Over the last month we’ve started using ServiceStack for a couple of our api endpoints (go to the full ServiceStack story here) . We’re hosting these projects on a Debian Squeeze vm using nginx and Mono.
We ran into various problems along the way which we’ll explain, but we also managed to achieve some interesting things; here’s a summary. Hopefully you’ll find this useful.
We’re using nginx and fastcgi to host the application. This is good from a systems perspective because our applications can run without root privileges.
For the communication between mono-fastcgi and nginx, we are using a unix socket file instead of proxying through a local port. This makes configuration much easier, as you map applications to files rather than port numbers, so the convention rules for this are much more straightforward. (Besides, you may be hit by a memory leak if you don’t use unix socket files.)
Furthermore, using files instead of ports has made our life easier for automated deployments because:
- We can just specify the socket file based on the incoming host header. This way you only need one app configuration in nginx for N sites. The key here is to use the variable $http_host in the fastcgi_pass setting of our nginx config file. Example:
- We can decouple deploy from release, and the latter will be an instant operation that doesn’t require a restart of the app or the webserver. The deployment procedure is therefore as follows:
- Copy new release to servers.
- Start app server for new release listening on a different unix socket file than the current working release. i.e. /tmp/SOCK-myFqdn-newrelease. (We use nohup for this.)

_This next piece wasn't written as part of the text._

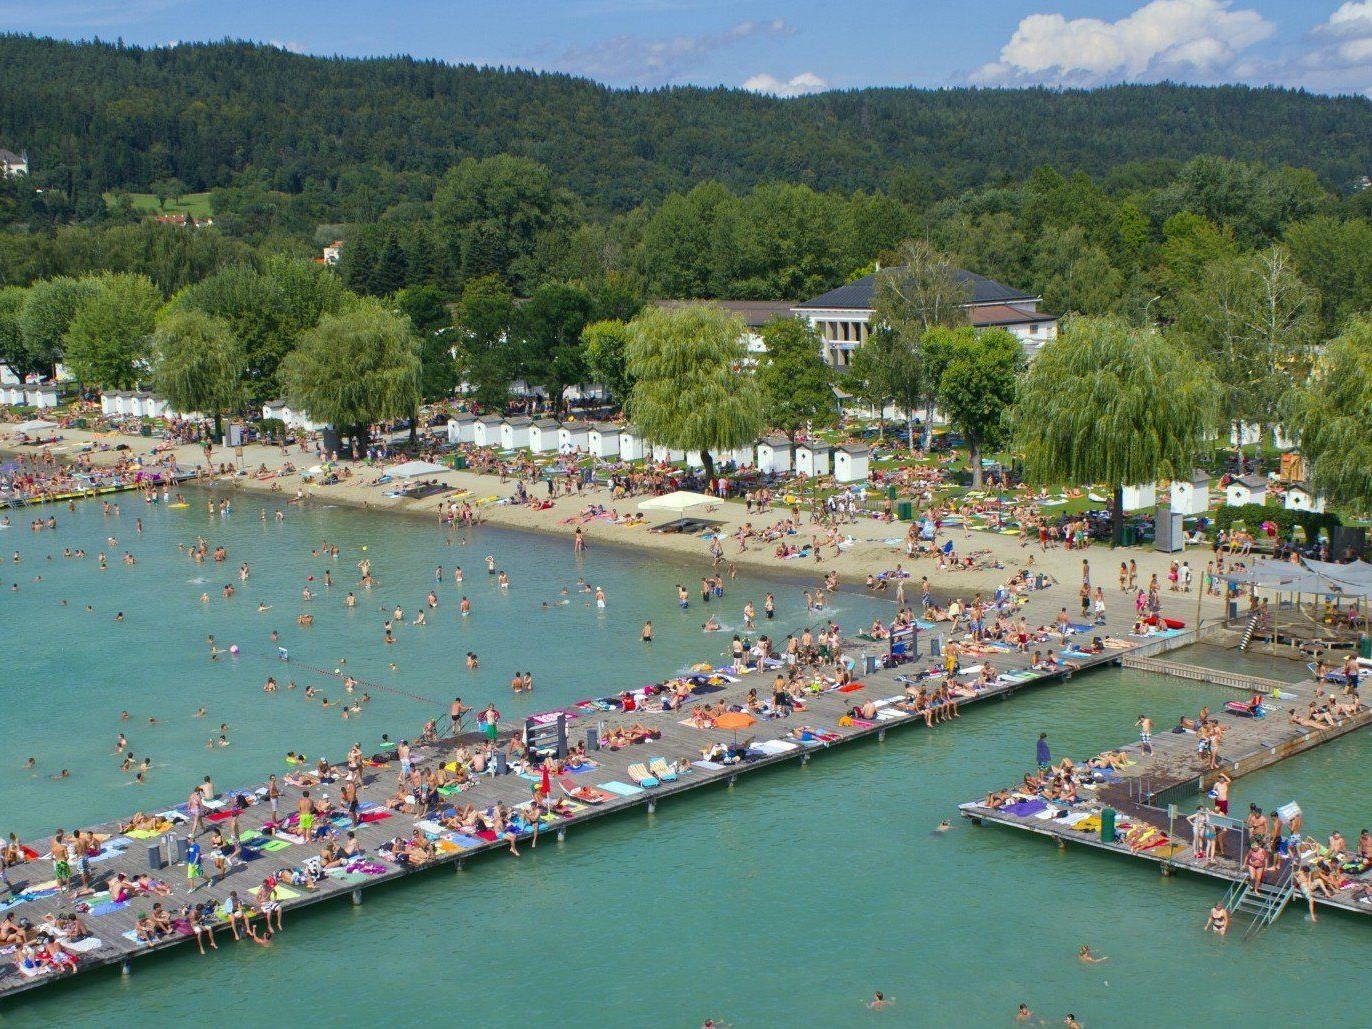 Das sommerliche Wetter lockt derzeit zahlreiche Badegäste an Österreichs Seen. (Im Bild: Strandbad Wörthersee)

- Do some test requests on the new release to verify that it works, using a custom host header that matches the unix socket file pattern used in step 2.
- Make a hard link (not symlink) on the current release to have a backup.
- Move the unix socket file of the new release into the the current release: i.e. “mv /tmp/SOCK-myFqdn-newrelease /tmp/SOCK-myFqdn”.
- Kill the old release.
The key step is (5) here. By moving the new release into the old release, without moving or removing the old release socket file before, we manage to decouple deployment operation from release, with an “atomic” mechanism which gives us zero downtime (we tested this with siege, a very interesting load testing tool, configured with 100 concurrent connections), without the need of adjusting load balancers as part of the deployment.
We’re still studying the best way to do step (6). For now, we just wait briefly to be sure the app has finished serving/processing the last requests. The problem with this approach is that we need to record the PID of the app to be able to kill it later (because lsof hasn’t worked in our scenario, after much testing, either after step 5, using the hard link, or before step 4, using the normal file; so we need to use pgrep after step 1 for now). We’re studying stopping the application via a final HTTP request (with the DELETE verb on the status endpoint maybe? sounds about right :) ), but calling Environment.Exit() from a web application doesn’t look right.
So, to be able to deploy to many servers at once, we use capistrano to launch the ruby scripts that control the 1-6 steps mentioned above. Another interesting thing we do with capistrano is configuration.
Many .NET developer teams are in the habit of managing configuration files at the app level, naming them with extensions that map to the environment. This is pretty handy because as a developer you have all the configuration values of all the environments right there in your IDE, in case you want to explore something.
But it has a big drawback: any configuration changes need to be done in the same repository as the code, which has the following consequences:
- Configuration changes end up in the long chain of continuous integration; you have to wait for building and testing infrastructure for your change to go through and be able to deploy it.
- Configuration ends up being mainly a developer-task. Sure, DevOps techniques now encourage this by trying to involve developers more in system administration and configuration, but in this case it is a drawback because it renders the systems team incapable of doing configuration changes because they are not normally familiar (and aren’t supposed to) know what’s the src/ sub-folder structure to locate the config files, and they don’t typically use the CI tool to see whether their configuration change has affected some test-suite.
- Sometimes configuration files end up being almost exactly the same between environments, only differentiated by one or two values. This makes locating errors in the config files a daunting task.
So we decided to implement the configuration at the deployment level: There is a base configuration file in the sources which contains default values. In a different repository, for each environment there is a ruby configuration file that only has the values that need to change, i.e.: production.rb, uat.rb, etc. This file simply contains variables whose name is the appSetting key and value needs to be replaced before deployment, or a hash map in which each key is an XPath expression to look for the proper node in the XML config file. Example:
This way we decouple implementation from configuration completely. If there are red builds all around your CI environment, you don’t need to do fancy things with stable branches to do configuration changes in production. Systems team could scale the application by adding new servers, without the developers knowing about it…
We’re using version 2.11.3. There are various bug fixes compared to the version that comes with Squeeze; namely, problems with min pool size specified in a connection string. Rule of thumb, if there’s a bug in mono then try the latest!
For build agents we use an even higher version, 2.11.5 (which has not been tagged yet and to get it, you need to clone the master branch), to be able to use xbuild with F#. There were some issues that we fixed to make this work both in the Mono repository and in the fsharp repository. (We found Mono to be faster than .NET when compiling builds and running tests!)
NB: Our systems team has helped a lot in ironing out the kinks of all this, kudos to them!